Any idea how can I reliably reproduce that? (or how to fix it / where the error lies)

@schmir

I don't know how to reliably produce that. It feels like it fails 1 out of 30 times. The above traceback contains the values of local variables. Doesn't that give you a hint? (I know basically nothing about the wire protocol, so I don't even have a good guess what the problem may be)

@schmir

I've added some print statements.

diff --git a/puka/promise.py b/puka/promise.py
index 95d3d55..9e4b4e3 100644
--- a/puka/promise.py
+++ b/puka/promise.py
@@ -82,6 +82,7 @@ class Promise(object):
     self.done(result)

     def recv_method(self, result):
+        print "RECV:", self.number, type(result), result
     # log.debug('#%i recv_method %r', self.number, result)
     # In this order, to allow callback to re-register to the same method.
     callback = self.methods[result.method_id]
diff --git a/tests/test_basic.py b/tests/test_basic.py
index 1ed5fdd..d4bbb07 100644
--- a/tests/test_basic.py
+++ b/tests/test_basic.py
@@ -419,11 +419,16 @@ class TestBasic(base.TestCase):
     client.wait(promise)

     consume_promise = client.basic_consume(queue=self.name)
+        print "CONSUME_PROMISE:", consume_promise
     msg_result = client.wait(consume_promise)
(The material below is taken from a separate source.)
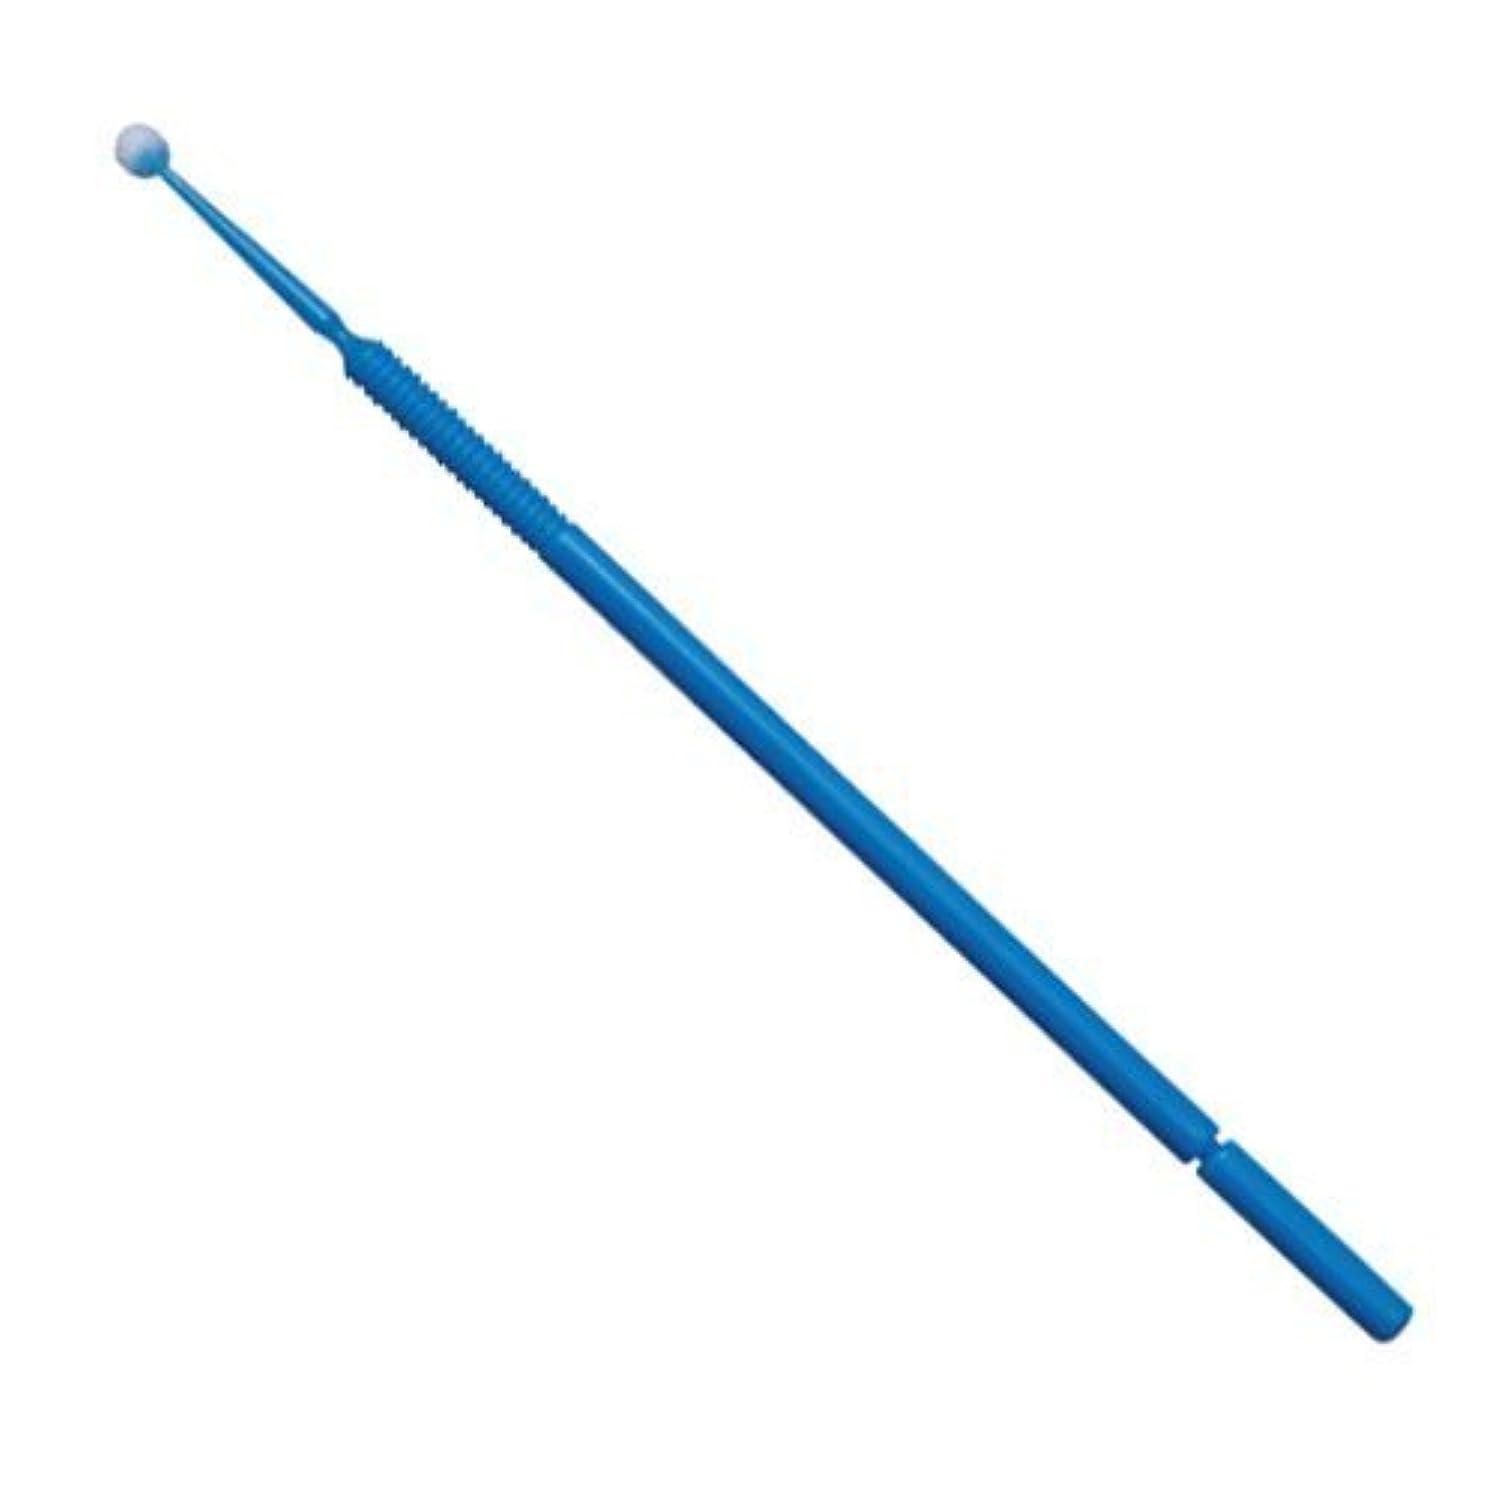 マイクロアプリケーター(マイクロブラシ) レギュラー:φ2.0mm、ブルー/ 1箱100本

     promise = client.queue_delete(self.name)
+        # print "PROMISE:", promise
     client.wait(promise)

+        # client.wait(consume_promise)
+
+        print "QUEUE DELETED"
     promise = client.close()
     client.wait(promise)

With a successful run of test_basic I get the following output:

RECV: 1 <class 'puka.spec.FrameConnectionStart'> {'server_properties': {'information': 'Licensed under the MPL.  See http://www.rabbitmq.com/', 'product': 'RabbitMQ', 'copyright': 'Copyright (C) 2007-2012 VMware, Inc.', 'capabilities': {'exchange_exchange_bindings': True, 'consumer_cancel_notify': True, 'publisher_confirms': True, 'basic.nack': True}, 'platform': 'Erlang/OTP', 'version': '2.8.6'}, 'version_minor': 9, 'mechanisms': 'PLAIN AMQPLAIN', 'locales': 'en_US', 'version_major': 0}
RECV: 1 <class 'puka.spec.FrameConnectionTune'> {'frame_max': 131072, 'channel_max': 0, 'heartbeat': 0}
RECV: 1 <class 'puka.spec.FrameConnectionOpenOk'> {'known_hosts': ''}
RECV: 2 <class 'puka.spec.FrameChannelOpenOk'> {'channel_id': ''}
RECV: 3 <class 'puka.spec.FrameChannelOpenOk'> {'channel_id': ''}
RECV: 2 <class 'puka.spec.FrameConfirmSelectOk'> {}
RECV: 3 <class 'puka.spec.FrameQueueDeclareOk'> {'queue': 'test0.297503201551', 'message_count': 0, 'consumer_count': 0}
RECV: 2 <class 'puka.spec.FrameBasicAck'> {'multiple': False, 'delivery_tag': 1}
CONSUME_PROMISE: 5
RECV: 5 <class 'puka.spec.FrameBasicQosOk'> {}
RECV: 5 <class 'puka.spec.FrameBasicConsumeOk'> {'consumer_tag': 'amq.ctag-gwAvLTEtzSr6sn878VmNB5'}
RECV: 5 <class 'puka.spec.FrameBasicDeliver'> {'body': '0.22912621845', 'exchange': '', 'consumer_tag': 'amq.ctag-gwAvLTEtzSr6sn878VmNB5', 'routing_key': 'test0.297503201551', 'headers': {'x-puka-delivery-tag': 1}, 'redelivered': False, 'delivery_tag': 1}
RECV: 6 <class 'puka.spec.FrameChannelOpenOk'> {'channel_id': ''}
RECV: 6 <class 'puka.spec.FrameQueueDeleteOk'> {'message_count': 0}
RECV: 5 <class 'puka.spec.FrameBasicCancel'> {'consumer_tag': 'amq.ctag-gwAvLTEtzSr6sn878VmNB5', 'nowait': True}
QUEUE DELETED
RECV: 5 <class 'puka.spec.FrameBasicCancelOk'> {'consumer_tag': 'amq.ctag-gwAvLTEtzSr6sn878VmNB5'}
RECV: 1 <class 'puka.spec.FrameConnectionCloseOk'> {}

On errors I get

...
QUEUE DELETED
RECV: 1 <class 'puka.spec.FrameConnectionCloseOk'> {}
RECV: 5 <class 'puka.spec.FrameBasicCancelOk'> {'consumer_tag': 'amq.ctag-wgB5BfsORMGmQVZrhfsECx'}

i.e. the client receives the FrameBasicCancelOk (for the
consume_promise) after the FrameConnectionCloseOk.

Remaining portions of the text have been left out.